During I.F the energy producing mechanisms essentially change from being glucose based to one dependant on ketone bodies. All food that is digested is stored in the the liver as glycogen. Glycogen is essentially a long string of glucose molecules bound togetherin chains. In times of need, individual molecules of glucose are released for the use of the body. When one does intermitted fasting, the glycogen stores are already depleted and so the body starts to dissolve the fat stores by releasing triglycerides which are converted to Ketone bodies in the liver. Ketone bodies are a denser source of energy for a variety of cells especially for the brain. Ketone body production starts to rise only after 8-10 hours of fasting suggesting a minimum of 12 hrs of fasting for any real benefit from I.F. Switching to Ketone bodies to provide energy results in reduced respiratory exchange ratio i.e., reduce usage of O2 and therefore reduced production of Carbondioxide, representing a more efficient process for production and usage of energy.

While it is not clear if the benefits of IF are due to simply weight loss alone or because of metabolic switching, the many benefits of IF include improved glucose regulation, improved blood pressure and heart rate control, improved endurance training and loss of abdominal fat and body weight. Other benefits include increased life span, improved memory, balance and coordination (in Alzheimers and Parkinson syndrome), reduced blood pressure, lipids and reduced occurence of spontaneous cancers and slowed growth of certain other cancers.
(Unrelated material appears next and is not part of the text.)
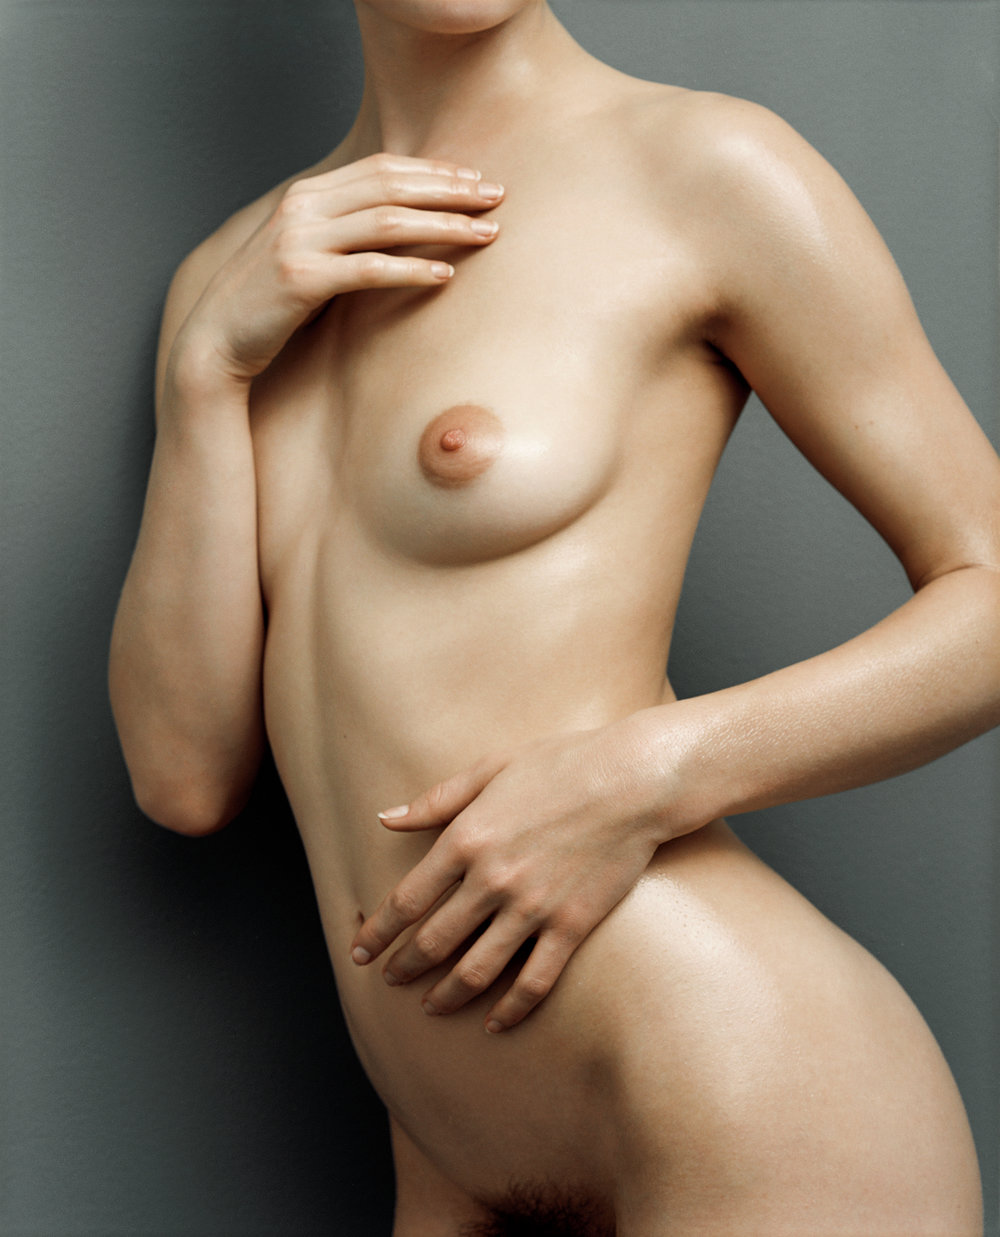 Large_Nude_flair_490822-9C_12.jpg

So what are the cellular changes brought about by I.F?

Reduced Oxygen usage in ketone body metabolism results in reduced production of corrosive free radicals and therefore reduced oxident mediated cellular damage. Ketone bodies have an effect in suppressing inflammation and reducing cellular stress and improving specific tissue growth and plasticity. Ketone bodies are potent signaling molecules and regulate the expression of various proteins and molecules that are known to influence health and aging. (PGC-1gamma, Fibroblast factor 21, NAD, sirtuins, PARP1 and ADP ribosyl cyclase).

IF and Obesity and Diabetes:

Compared to women who only reduced their food intake by 25%,women who followed a 5:2 IF program had a greater increase in insulin sensitivity and reduction in waist circumference although both groups showed equal overall weight loss. In young men who fast fo 16hrs a day and hit the gym for weight training have fat loss along with preserved muscle mass. IF is as effective as standard diets for weight loss. In rat models, IF is associated with greater muscular endurance.
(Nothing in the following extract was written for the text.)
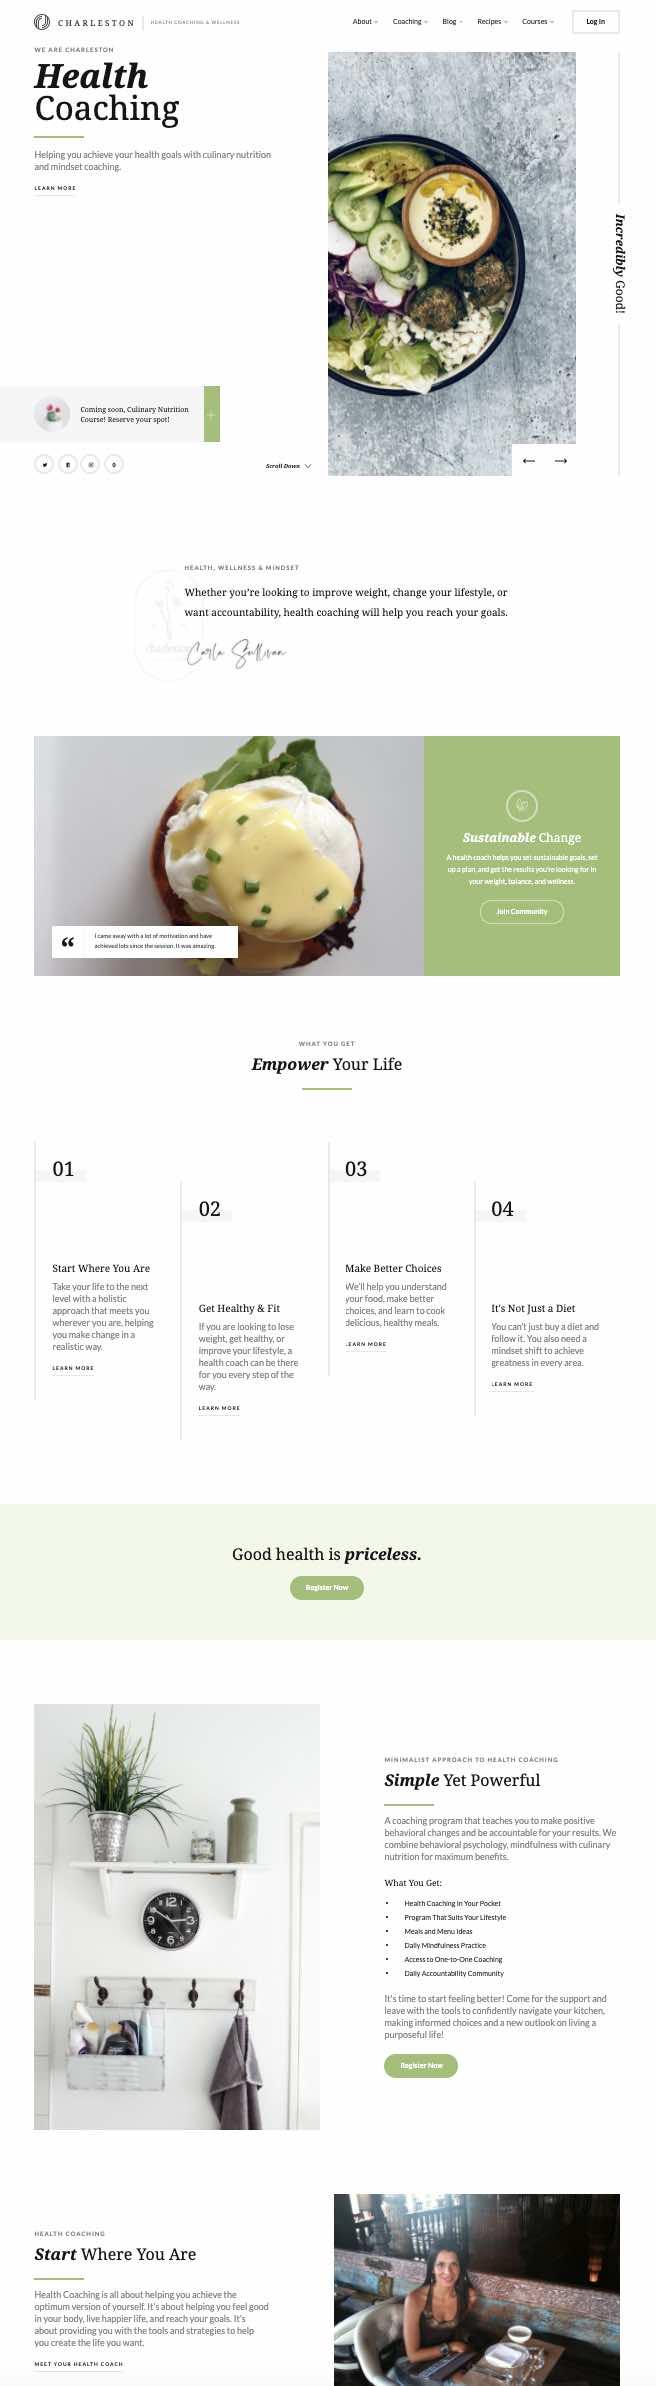 Website Design for Health Coach

Weight loss with IF is associated with improved insulin sensitivity and improved diabetic retinopathy. Markers of inflammation have also been noted to reduce especially in patients with Rheumatoid arthritis.
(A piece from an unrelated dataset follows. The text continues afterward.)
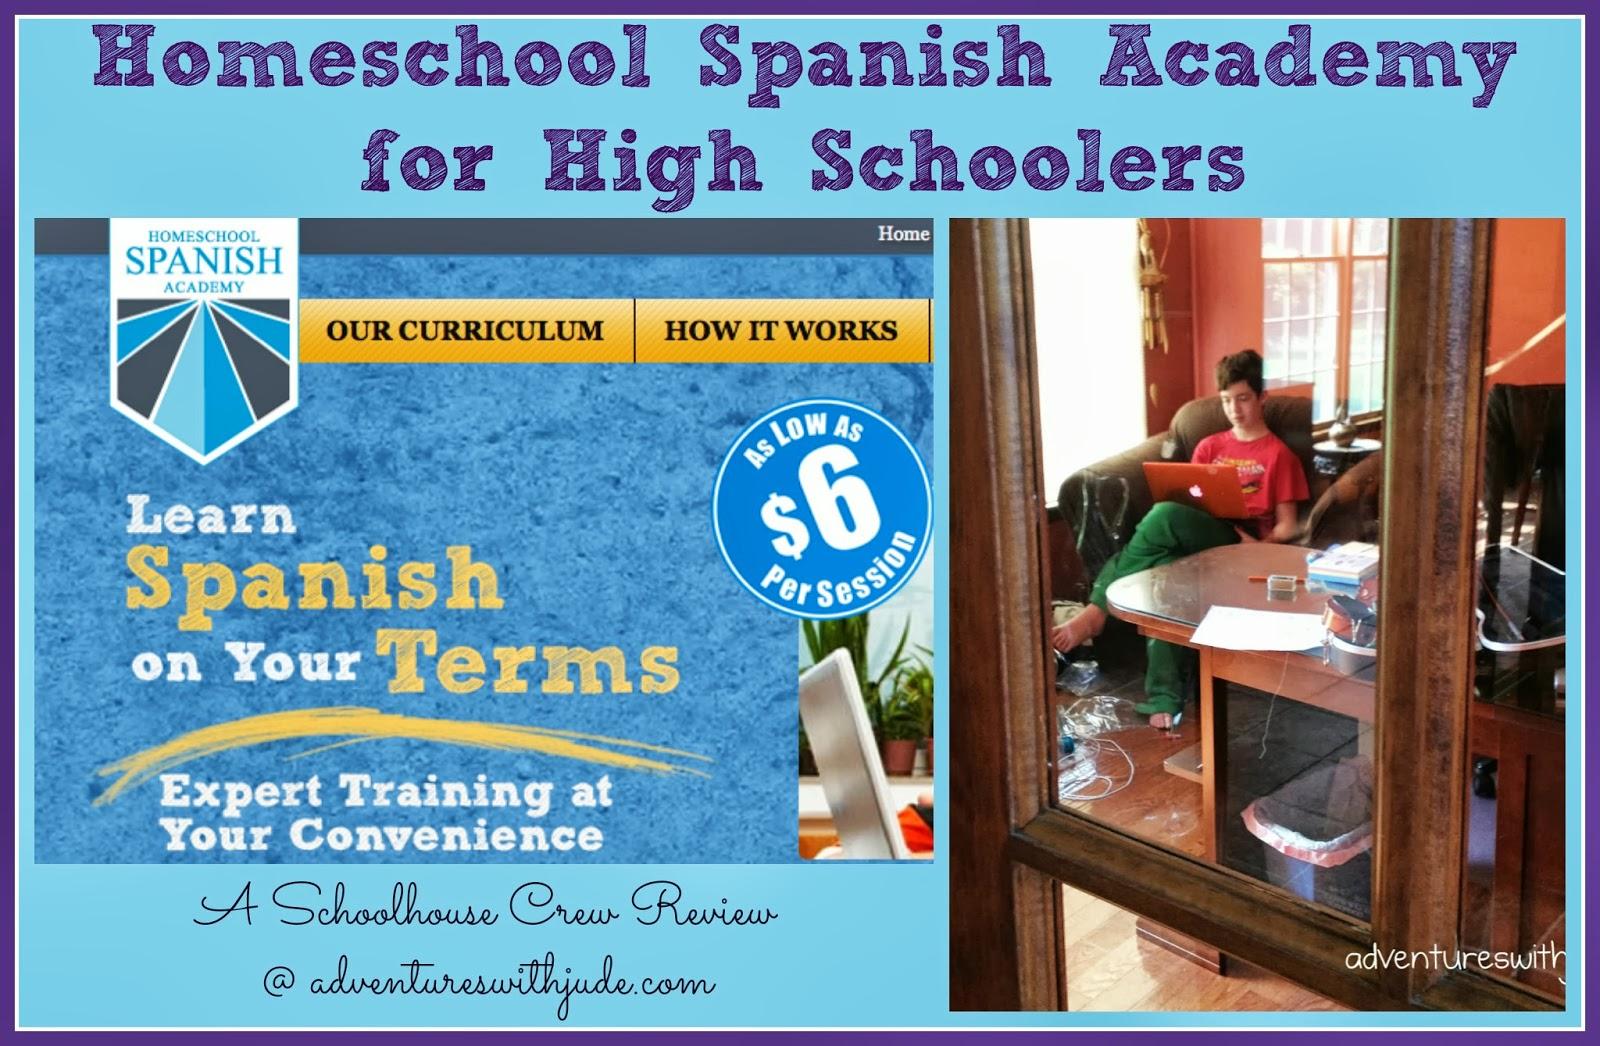 Adventures with Jude: Homeschool Spanish Academy (A

IF and Cardiovascular disease:

IF brings about reductions in Blood pressure, reduces heart rate and increases heart rate variability. Lipid profile also improves with reductions in the levels of LDL, Triglyceride and increase in HDL values. Improved indicators of cardiac health were noted as early as 2-4 weeks of starting IF.

IF and neurological disease:

In experimental animal models of IF hadve shown delayed onset of Alzheimer’s disease and Parkinson’s disease. IF increased neuronal stress resistence by bolstering mitochondrial function and DNA repair. GABAminergic transmission is enhanced and this can prevent seizures activity. IF reduces autoimmune demyelination in mouse models of multiple sclerosis and after traumatic and ischaemic spinal cord injury and leads to improved functional outcomes. In humans, IF has shown to improve memory (verbal spatial and working memory).

IF and Cancer:

IF reduces the occurence of spontaneous cancers and also my other types of induced cancers in mouse models. Calorie restriction with IF impairs energy metabolism of cancer cells, reducing their growth and rendering them suseptible to chemotherapy. Several studies with Glioblastoma suggest that intermittent fasting can suppress tumour growth and extent survival.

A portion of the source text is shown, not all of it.